We performed a population-based matched cohort study using Ontario’s health care databases. All pregnancies in Ontario from 2004 to 2014 were identified. The study exposure was hospital admission, emergency room visit, or intervention for kidney stones during pregnancy. Each pregnancy with a stone was matched to up to six pregnancies without a stone based on age, region of residence, income quintile, year of cohort entry, prior births, and multibirths. The primary outcome was adverse birth outcome defined as preterm birth, low birth weight, or infant death. Secondary outcomes included premature rupture of membranes (PROM), pre-eclampsia, and cesarean section (C/S), as well as the type/frequency of intervention for stones in pregnancy. Logistic regression models, with generalized estimating equations, were used to assess any differences in study outcomes across groups.
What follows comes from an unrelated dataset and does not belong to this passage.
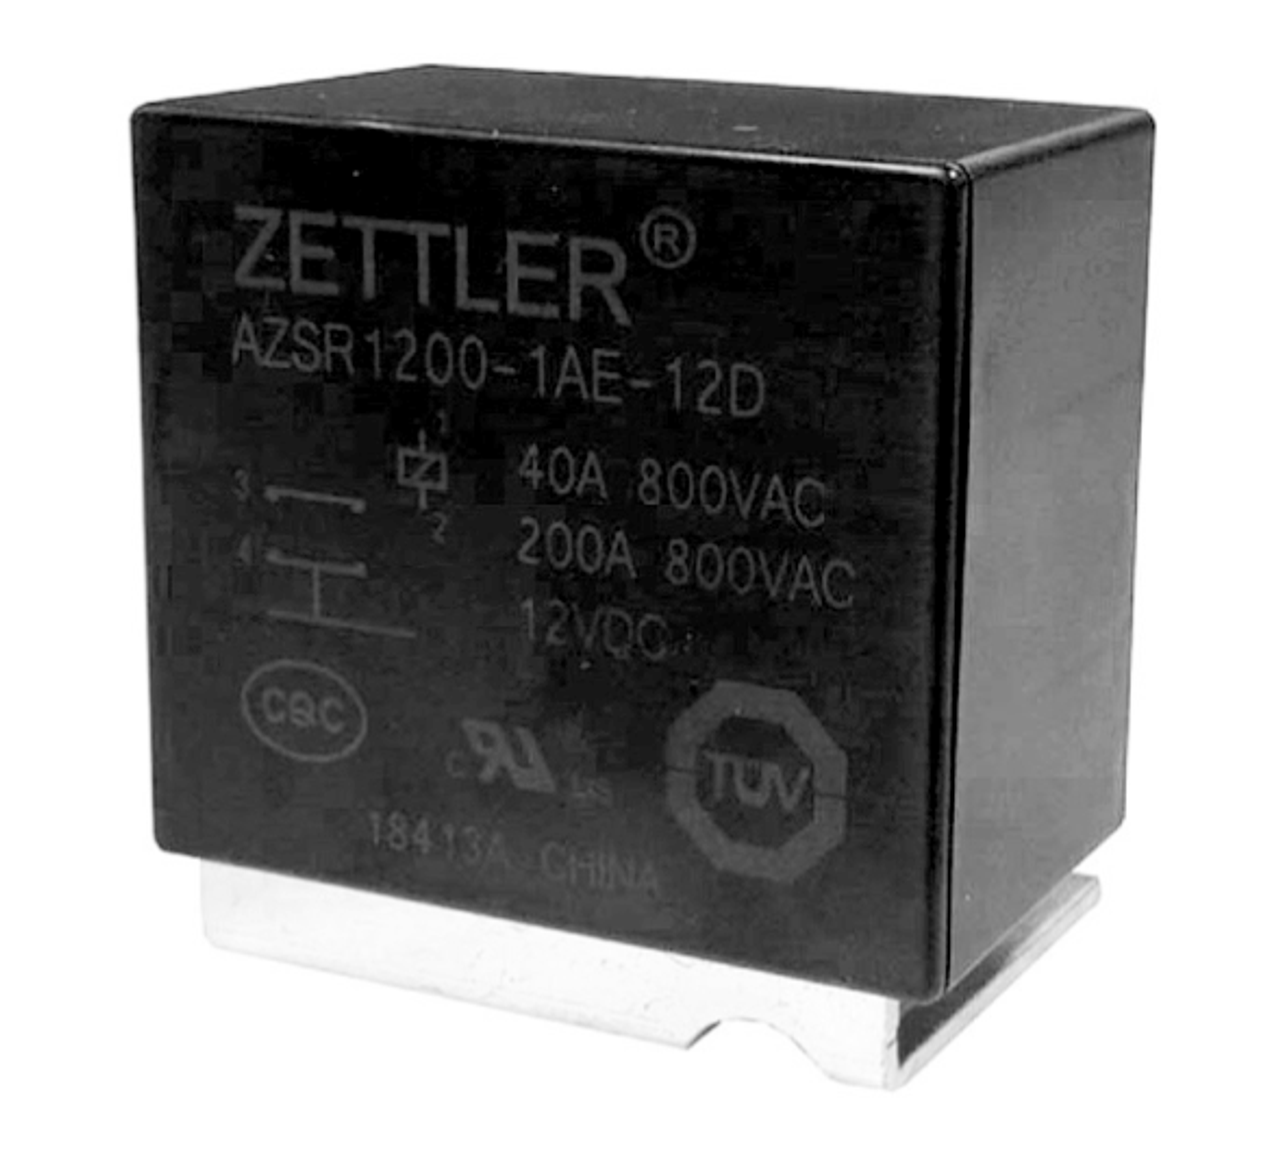 American Zettler AZSR1200-1AE-6D Power Relay
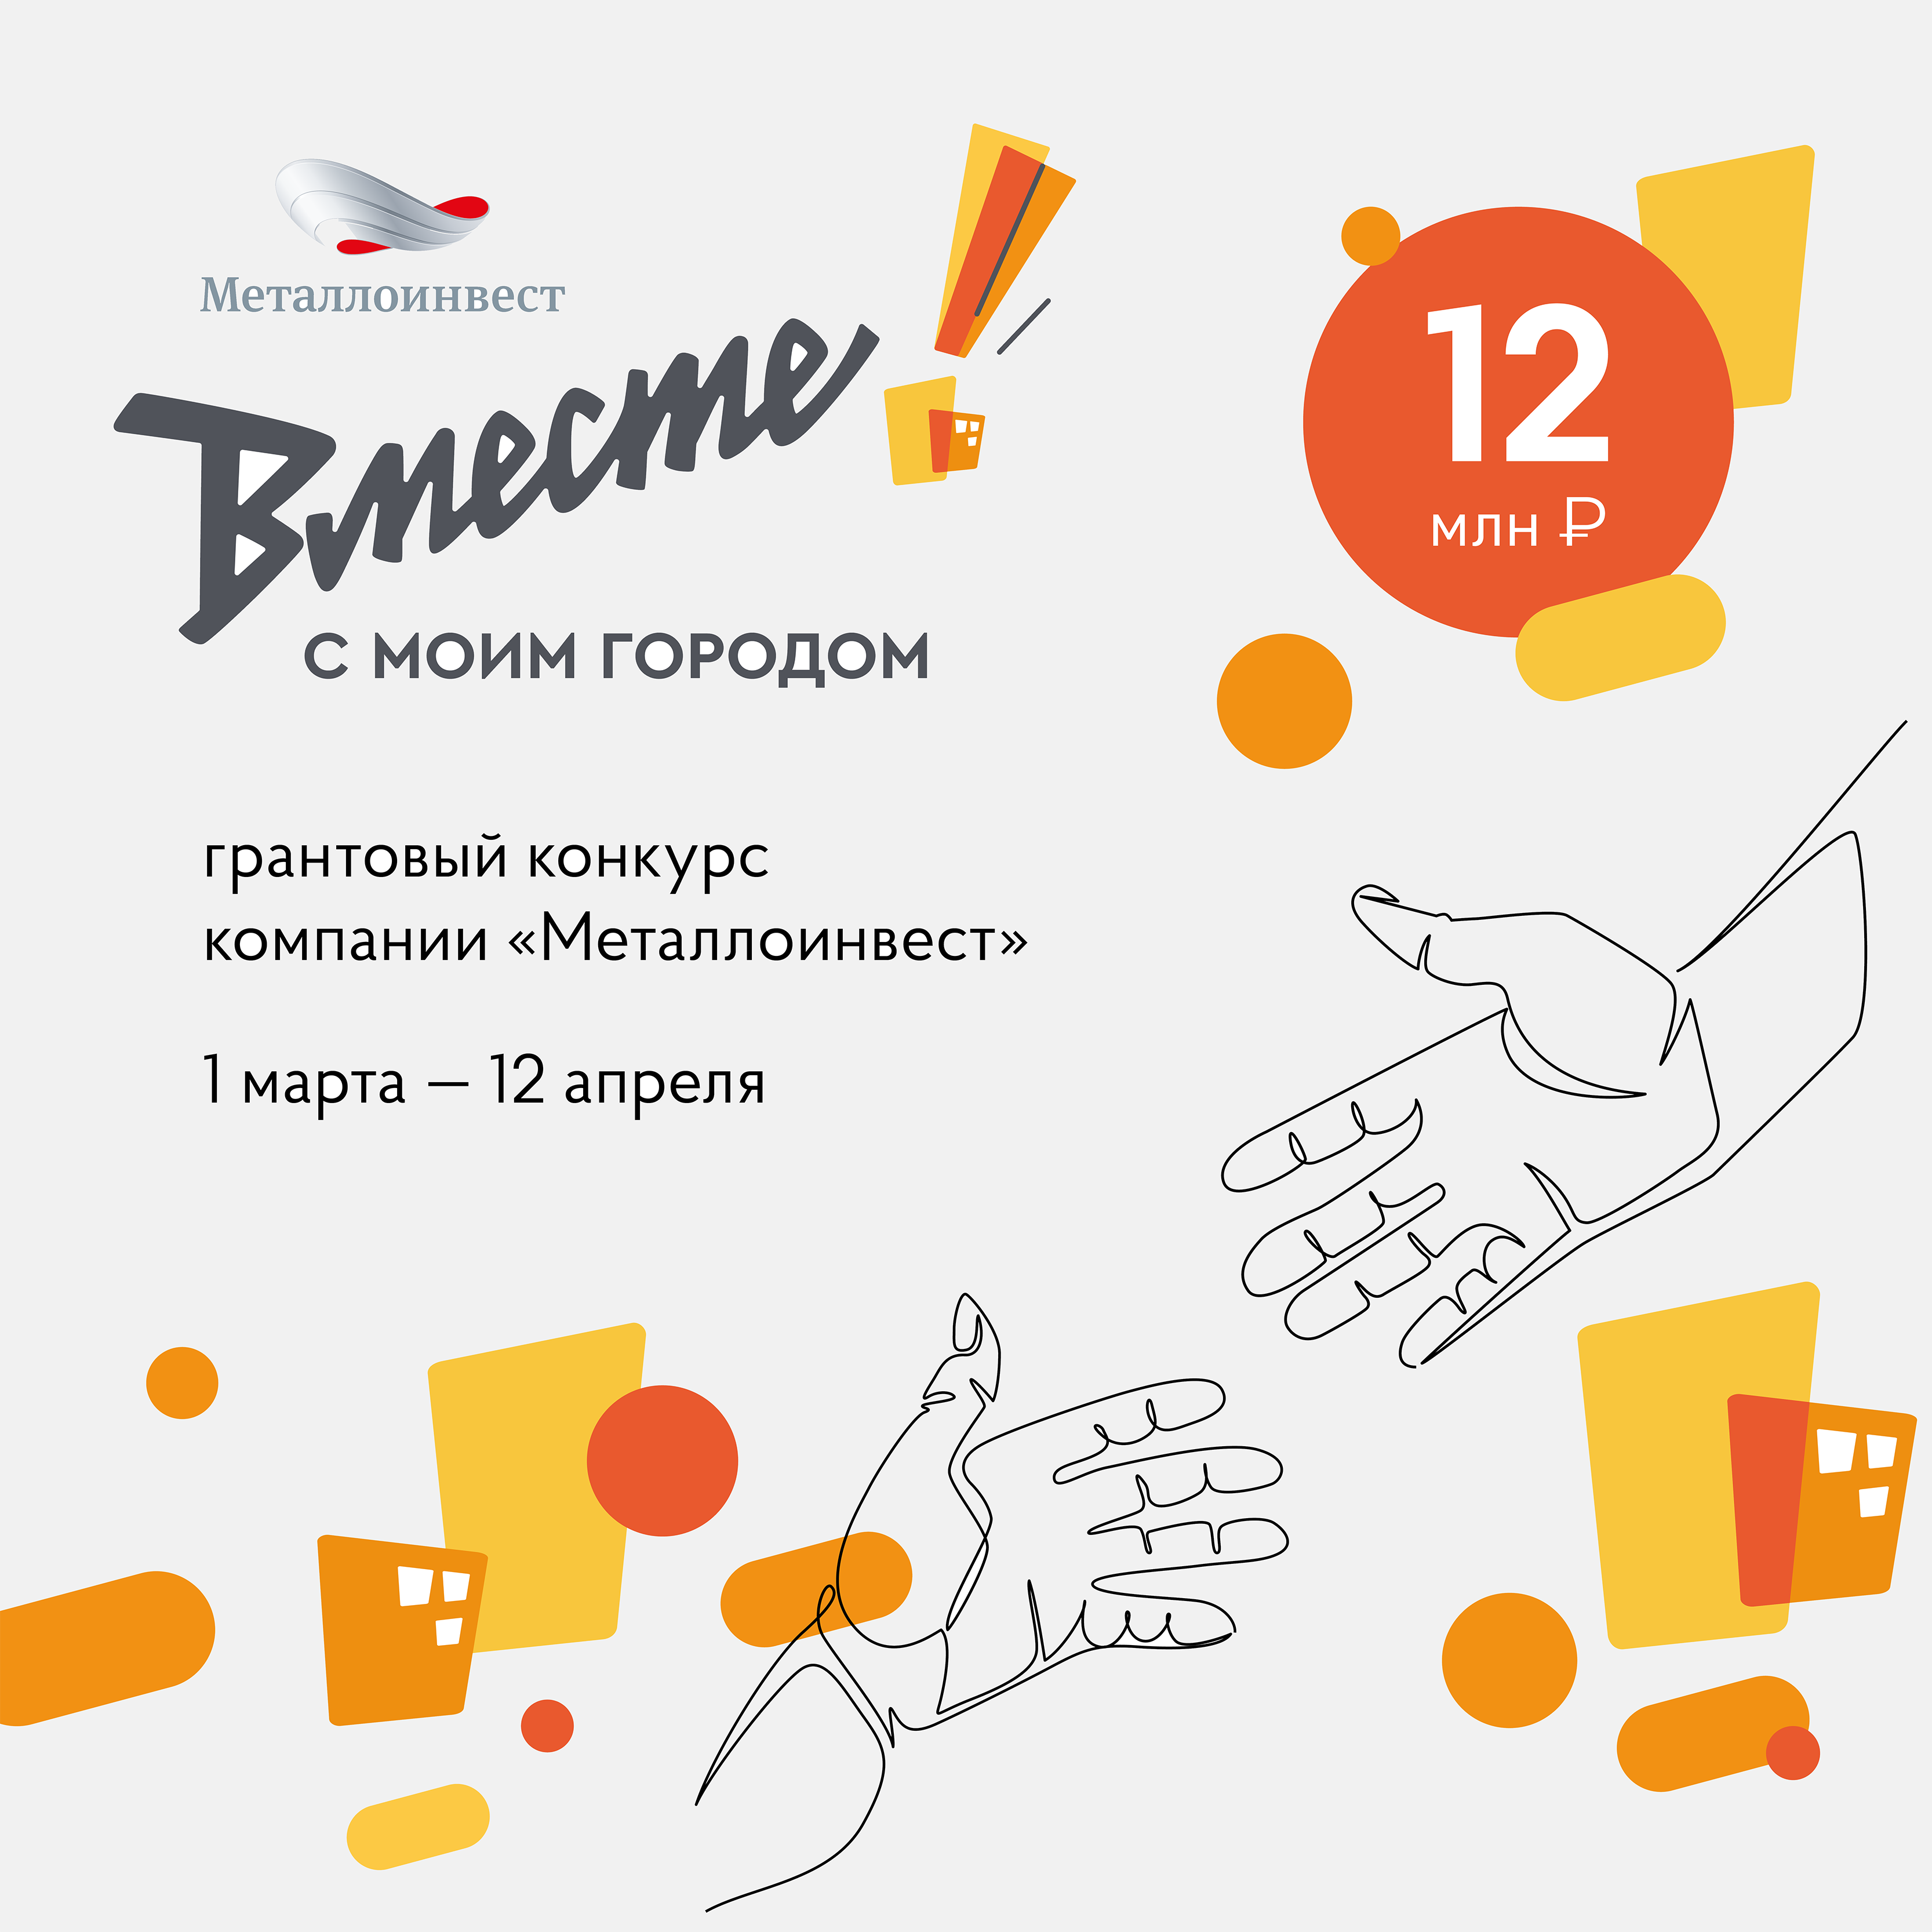 В Железногорске стартовал VI грантовый конкурс компании «Металлоинвест»

Of 1.39 million pregnancies identified, there were 2863 pregnancies with stones (0.2%), which were matched with 17,171 pregnancies without stones. Pregnancies with stones had an increased risk for adverse birth outcome compared with matched pregnancies without stones (odds ratio [OR] 1.62, confidence interval [95% CI] 1.43–1.82, p < 0.0001). Pregnancies with stones also had a greater risk for pre-eclampsia (OR 1.42, 95% CI 1.02–1.99, p = 0.04) and C/S (OR 1.39, 95% CI 1.27–1.51, p < 0.0001), but not PROM. Twenty-six percent of pregnant patients admitted for a stone had an intervention, most commonly a stent or ureteroscopy.
Our study demonstrated an increased risk of adverse birth outcomes in pregnancies with kidney stones. These results will be important for counseling pregnant patients with kidney stones and women of reproductive age who are at risk of developing stones.